Use framework as above, the main channel instruction of bypass channel instruction folding and/or post-processing unit instruction also can be become an instruction by compiler, are called that bypass merges (BypassedCombine).Fig. 4 is the instruction folding method flow diagram according to the embodiment of the present invention.Compiler can obtain multiple instruction (step S410), at least one in a bypass channel instruction and main channel instruction and post-processing unit instruction is carried out merging (step S430), and the instruction after merging is sent to instruction decoding unit 120 (step S450).In step S430, the rule that the merge order of multiple main channels instruction needs the prerequisite of obedience to cross.In other words, step S430 can be considered and the amalgamation result of multiple main channels instruction is remerged a bypass channel instruction and/or an aftertreatment instruction.Below enumerate the example that bypass merges, machine code is as follows:
The value of general-purpose register R4 is stored to general-purpose register R0 by first machine code instruction.The value of general-purpose register R4 is added the value of general-purpose register R8 by second machine code instruction, and result is delivered to the next stage, and wherein, result is delivered to the symbol of next stage by " SFWD " representative.3rd machine code instruction asks for inverse (reciprocal) by transmitting the value of getting off on last stage, and result is write register R7, and wherein, " SFWD " representative is from transmitting the symbol got off on last stage.
Fig. 5 is the hardware structure figure of the three-dimensional graph process device according to the embodiment of the present invention.By-pass unit 180 receives the instruction of data extracting unit 130, reads the value of general-purpose register R4 and writes general-purpose register R0.Meanwhile, totalizer 510 obtains the value of general-purpose register R4 and the value of general-purpose register R8 through front arithmetic logic unit, and the result of computing is passed to special function unit 175.Special function unit 175 then obtains inverse, and writes general-purpose register R7.During due to bypass channel instruction process, main channel instruction and post-processing unit instruction can parallel processing, and the usefulness of stream handle can be promoted further.

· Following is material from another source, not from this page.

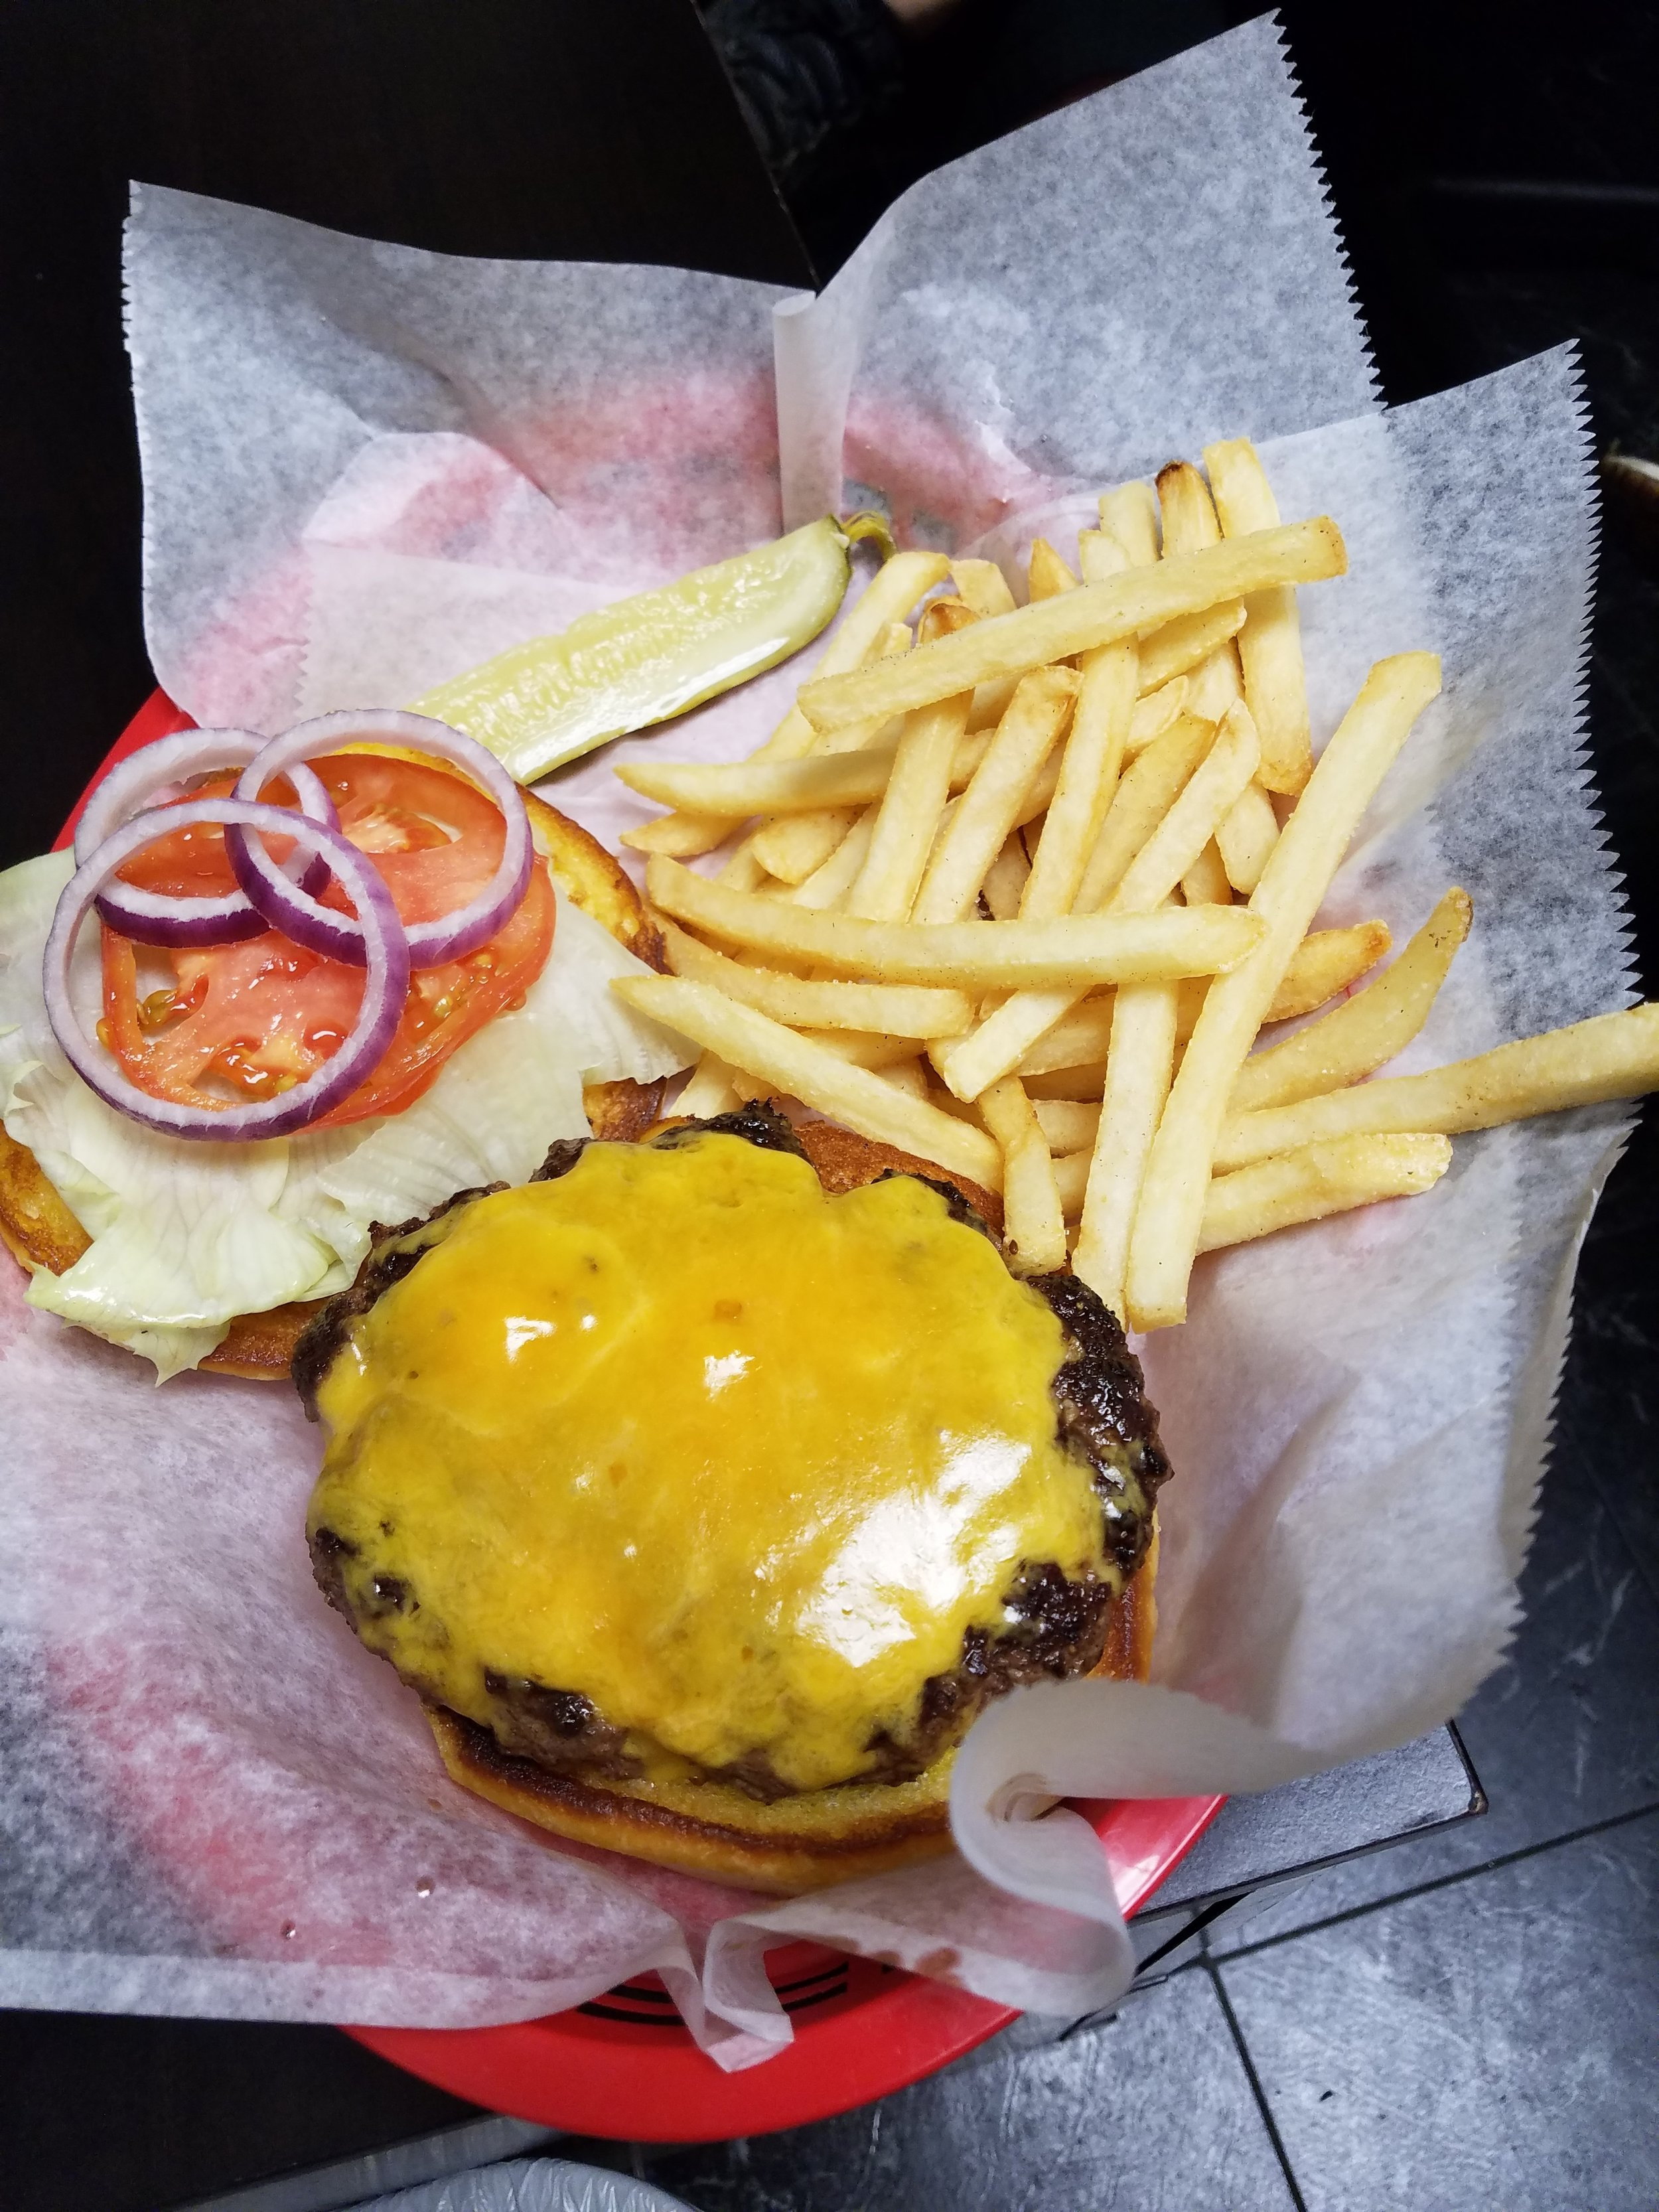 monster burger and fries.jpg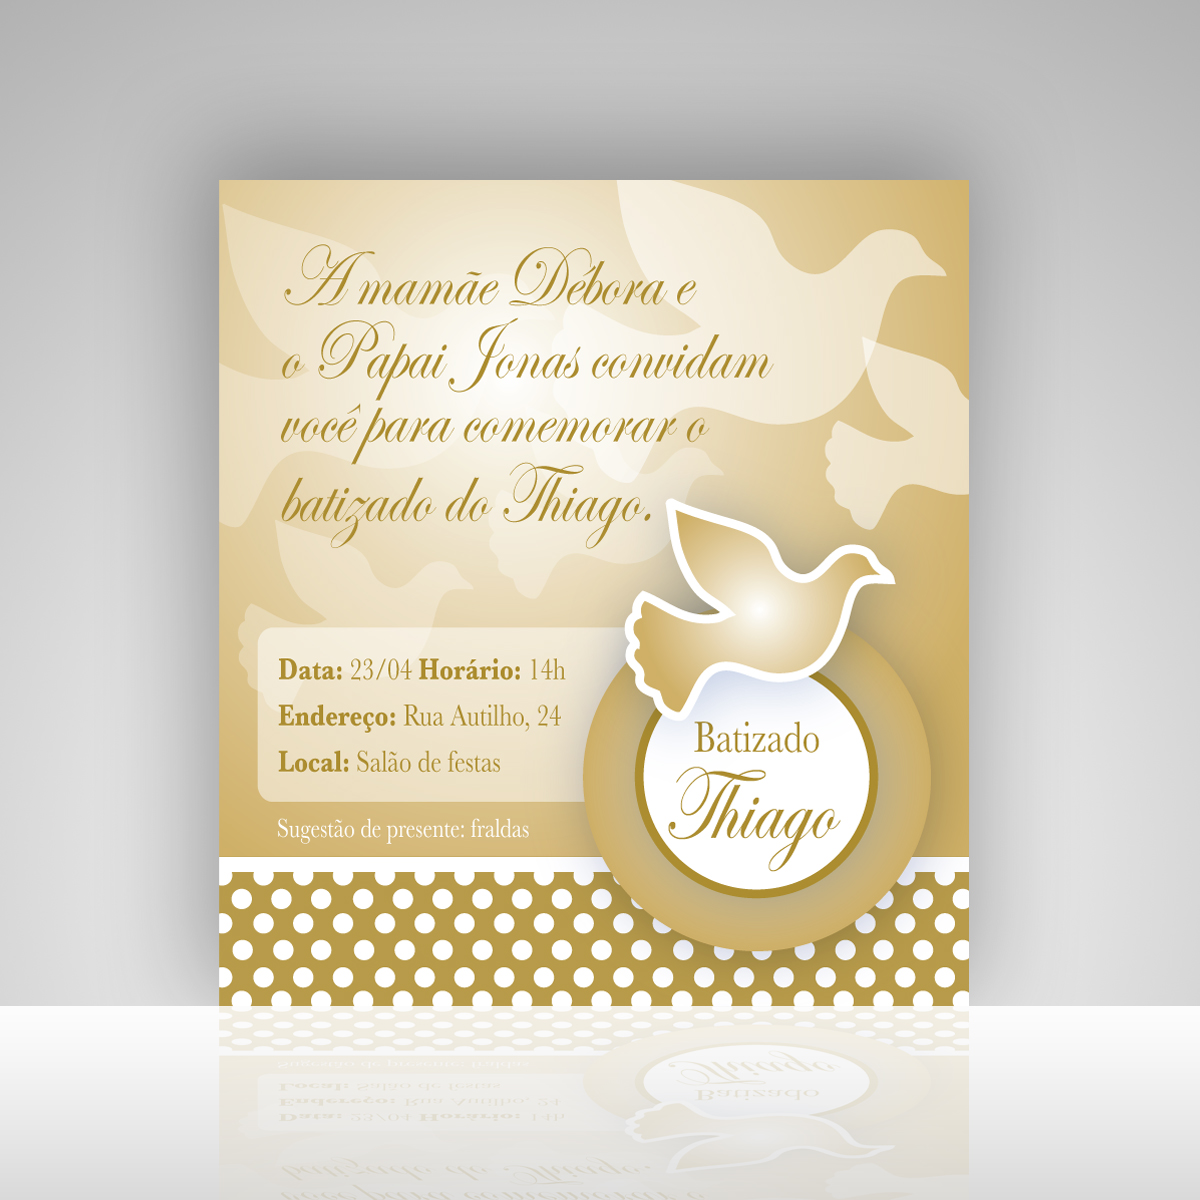 Convite Digital Batizado Boy Dourado No Elo7 Angeles Atelier 654083

With reference to figure 3 and Fig. 5.Generally speaking, be perform the instruction after merging, couple arithmetic element, compare/logical block and rear unit sequence processed, and arithmetic element, compare/logical block and afterwards unit processed be coupled to bypass channel.Specifically, the first computing unit in arithmetic element 140 (such as, totalizer, multiplier, divider etc.) be coupled to by-pass unit (that is being bypass channel) 180 and data extracting unit 130, in order to obtain operand from by-pass unit 180 and/or data extracting unit 130.The second computing unit in comparison/logical block 150 (such as, comparer, logic lock of all kinds etc.) be coupled to the output of by-pass unit 180 and the first computing unit, in order to obtain operand from the output of by-pass unit 180 and/or the first computing unit.The 3rd computing unit in rear unit processed 160 (such as, selection unit, conditional branching unit etc.) be coupled to the output of by-pass unit 180, first computing unit and the output of the second computing unit, in order to obtain operand from the above-mentioned output of by-pass unit 180, first computing unit and/or the output of the second computing unit.3rd computing unit is more coupled to load/store unit 171, sampling unit 173 and special function unit 175, in order to output operation result to these post-processing units.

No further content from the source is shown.